Why can't we have webapps coded in just a few source file? - gesman
There is a growing tendency in web frameworks to separate code into zillions of puny source code files, each with just a couple of lines of code spread in dozens to hundreds of folder trees.<p>Result is the code where to find something takes multiple clicks, tab switches, searches, spawning of external tools and other unproductive efforts totally unrelated to development.<p>IDE's makes it somewhat easy for pussies - but I quickly end up having multiple dozen of open tabs and forced to jump back and forth and do extra clicks to switch between tabs just to find and edit a pieces.<p>All above results in consistent unproductive housekeeping effort just to search for code pieces, snippets and references.<p>Back to my C++ days I had written utilities and class files represented just by a couple of files reaching between 50-100k long. Today I would be tortured and killed for that. 
The huge advantage of having one source code file - is that it made me much more productive and made it extremely easy and quick to find information, refer to existing code, and find anything without reverting to external tools.<p>I am looking at my Rails app right now and dreaming of having these 2 files:
all_models.rb
all_controllers.rb<p>I know it's heresy and extreme, but don't you think we're approaching an opposite extreme already?
======
codegeek
Think about it this way. If you work with a large team which is split between
multiple locations and each developer has a set of tasks to work on, having
everything in 1 source file means everyone has to update the same file
regardless of what they are actually working on. Using your example, if you
have all_models.rb, any change needed for any model would mean committing the
entire source code in the file. Huge risk.

The idea of multiple files is to have a modular approach which means easy to
divide tasks, collaborate and mange version controls. Sure it means having to
traverse through multiple directories/paths/files but this small sacrifice is
nothing compared to the risk of having large source files.

------
jsnk
Rails is an opinionated framework. Many very smart people already came up the
best practices for building a web application through several dozens of
releases over almost 10 years. Just follow the best practice. If you are not
happy with Rails being what it is, just change it to some other framework.

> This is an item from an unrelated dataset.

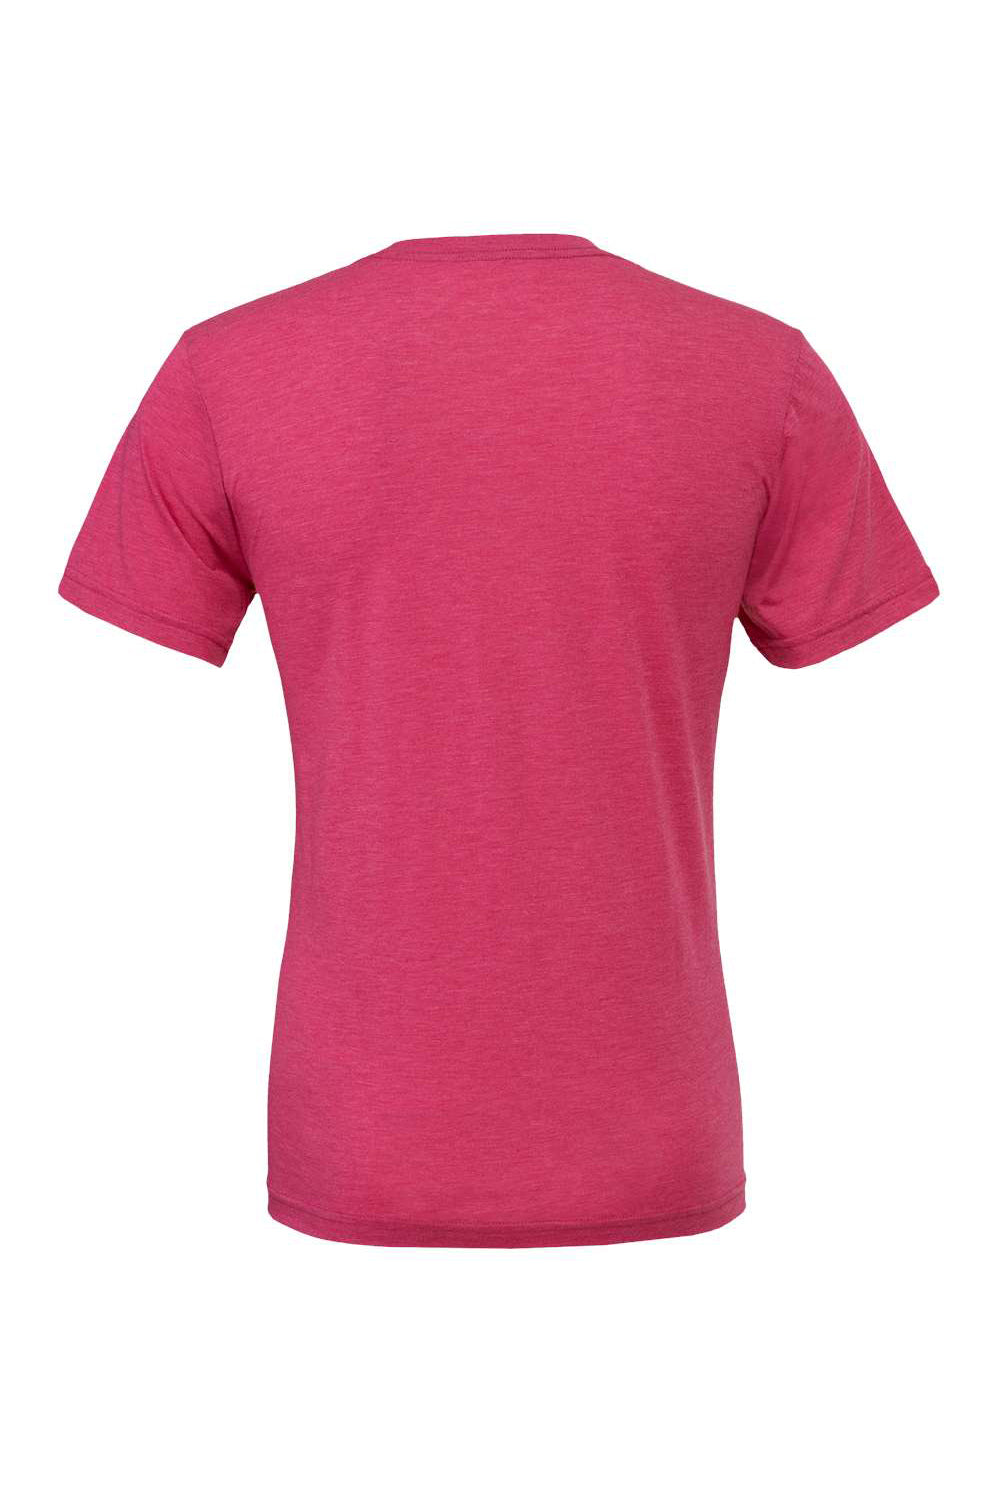 Bella + Canvas BC3413/3413C/3413 Mens Short Sleeve Crewneck T-Shirt Berry Pink Flat Back
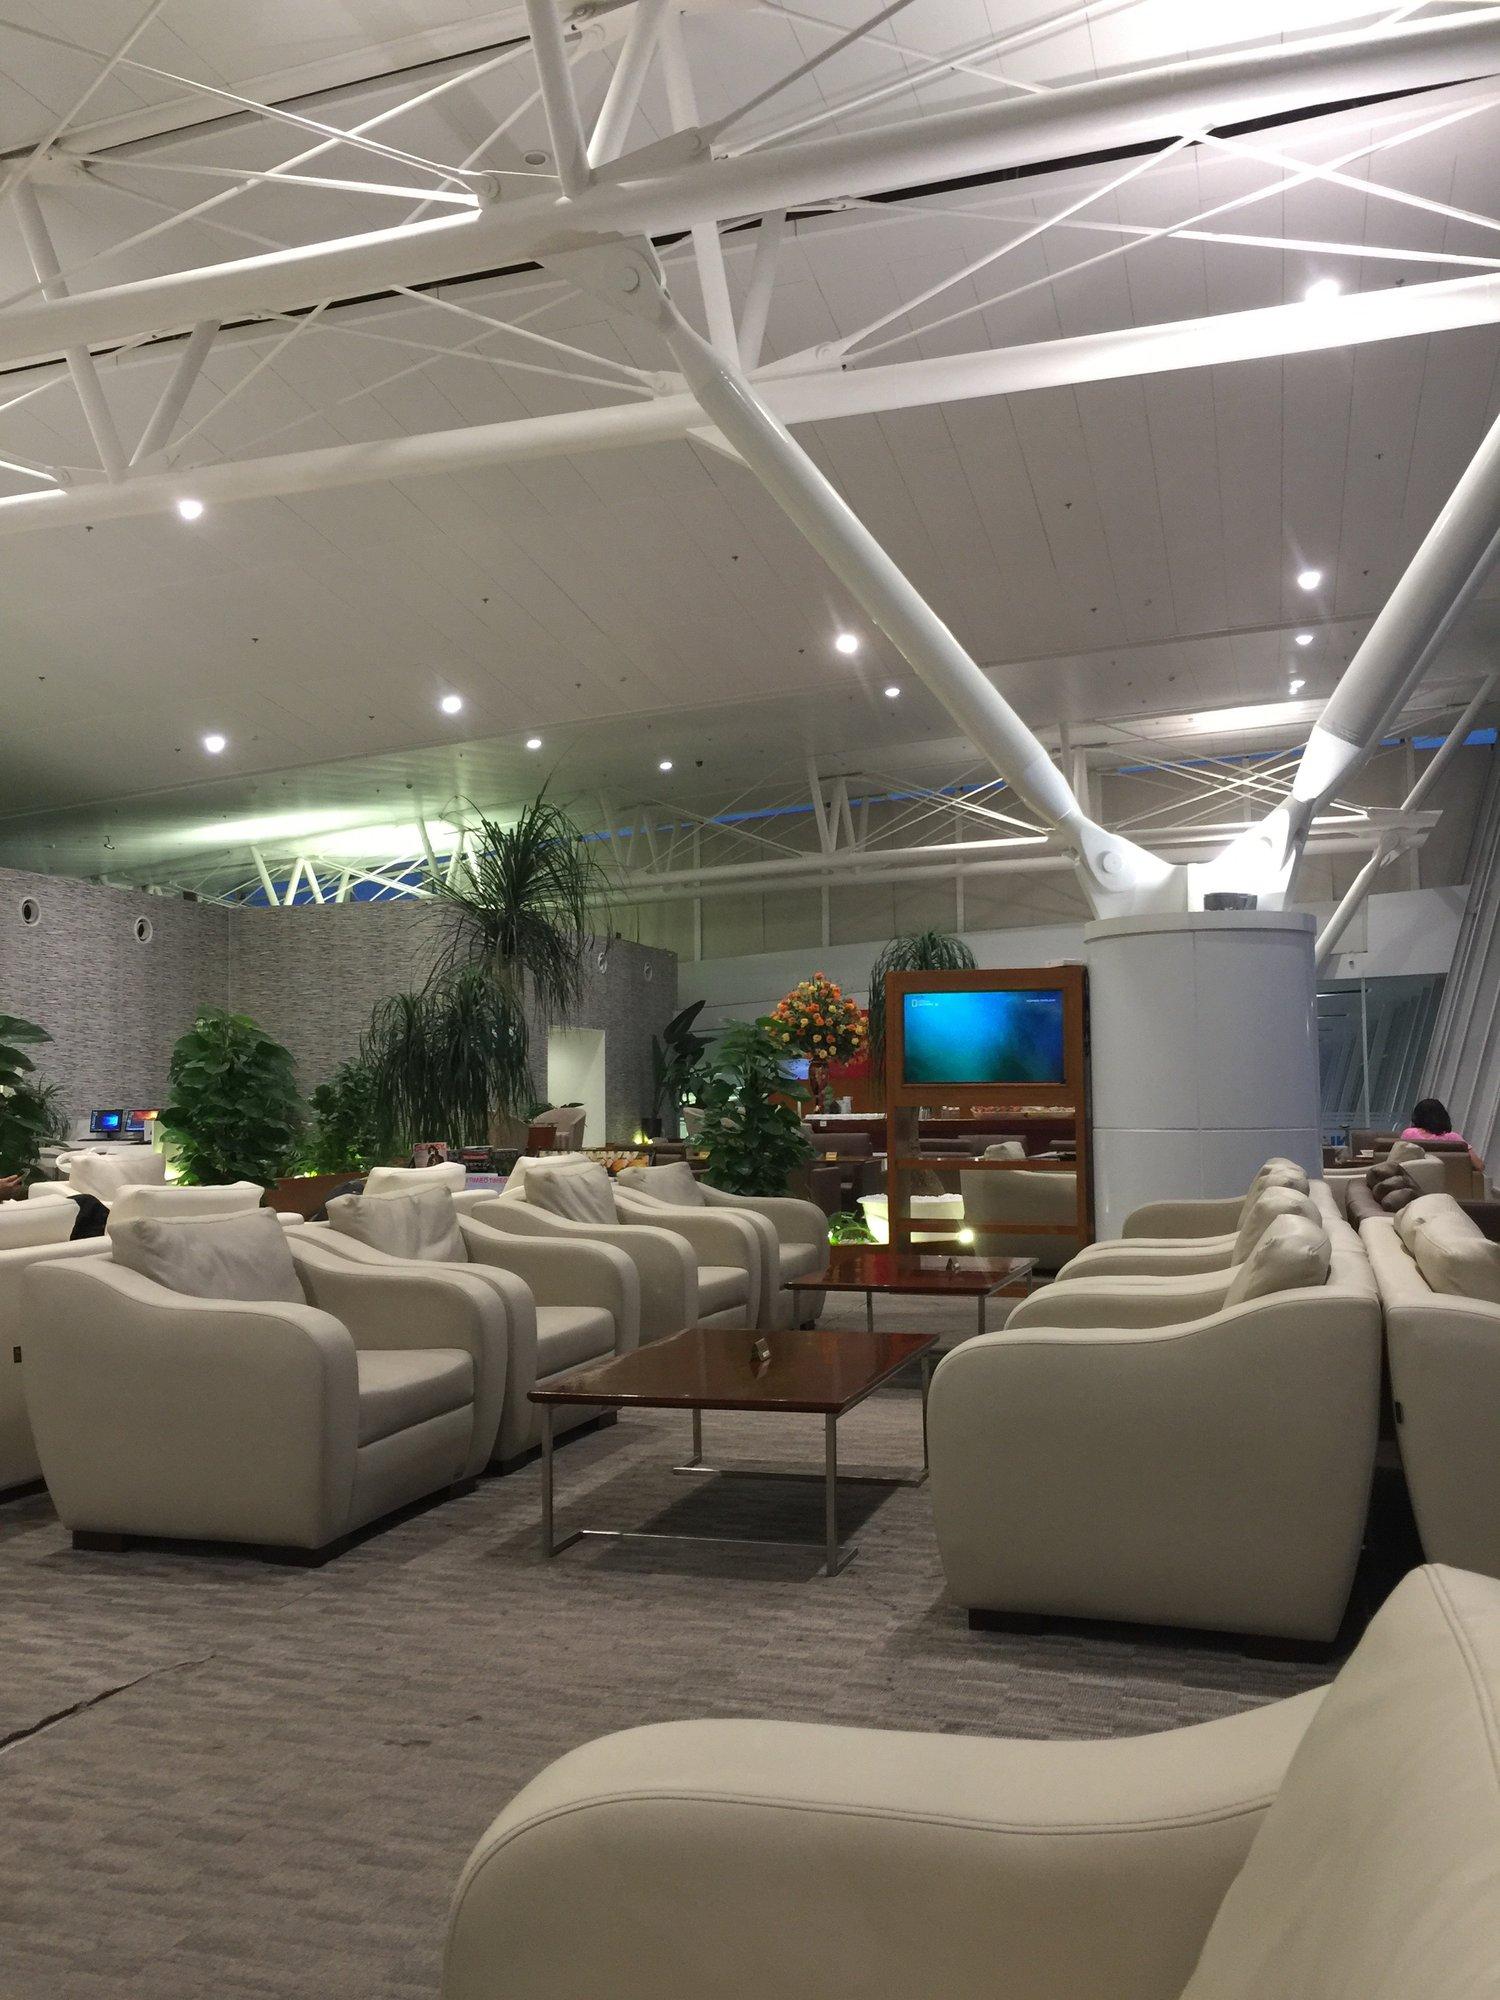 Noi Bai International Airport Business Lounge image 14 of 26

Having 50-100k loc files sound horrible by the way. I would not want that to
happen in Rails.

------
coldtea
> _IDE's makes it somewhat easy for pussies (...) Back to my C++ days I had
> written utilities and class files represented just by a couple of files
> reaching between 50-100k long_

You were doing it wrong.

Plus, implying that IDEs are for "pussies" (whatever that even means) doesn't
give the impression of you being particularly clever.

------
AlexCyrlex
Why can't we have an IDE that provides a "single file" view into multiple
files? It would display them one after the other in a single tab, allow search
across multiple files, probably even cut-and-paste from one file into another
without switching tabs. And of course it would be easy to choose which files
go into this view - you could have all_models one moment,
models_and_controllers_related_to_feature_X a moment later, without changing
anything in real files.

Wouldn't such IDE feature provide all benefits of a single huge file - but
with different physical files, e.g. for source control purposes?

------
citruspi
I'm working on a Python web application (using the Flask framework) and its a
relatively small application. As of now I have the app.py file and two HTML
templates along with the CSS files.

I think that apps become as complex as you make them - I plan to split my
app.py into a models.py and views.py. It's easier, I feel, to manage them this
way.

Keep in mind that I'm not using some large IDE - I switch between Vim and
Chocolat.

------
27182818284
>IDE's makes it somewhat easy for pussies

Oh wow. You're in all sorts of trouble right off the bat. Not only are you
missing out, but also and worse, the fact you say it is for "pussies" is a
really bad sign. You're probably missing out on other great tools because you
simply are prejudiced against them. And yes, I can use cat, vim, and even
emacs. A good IDE is crazy-more powerful.

------
justncase80
No. Massive files are crap.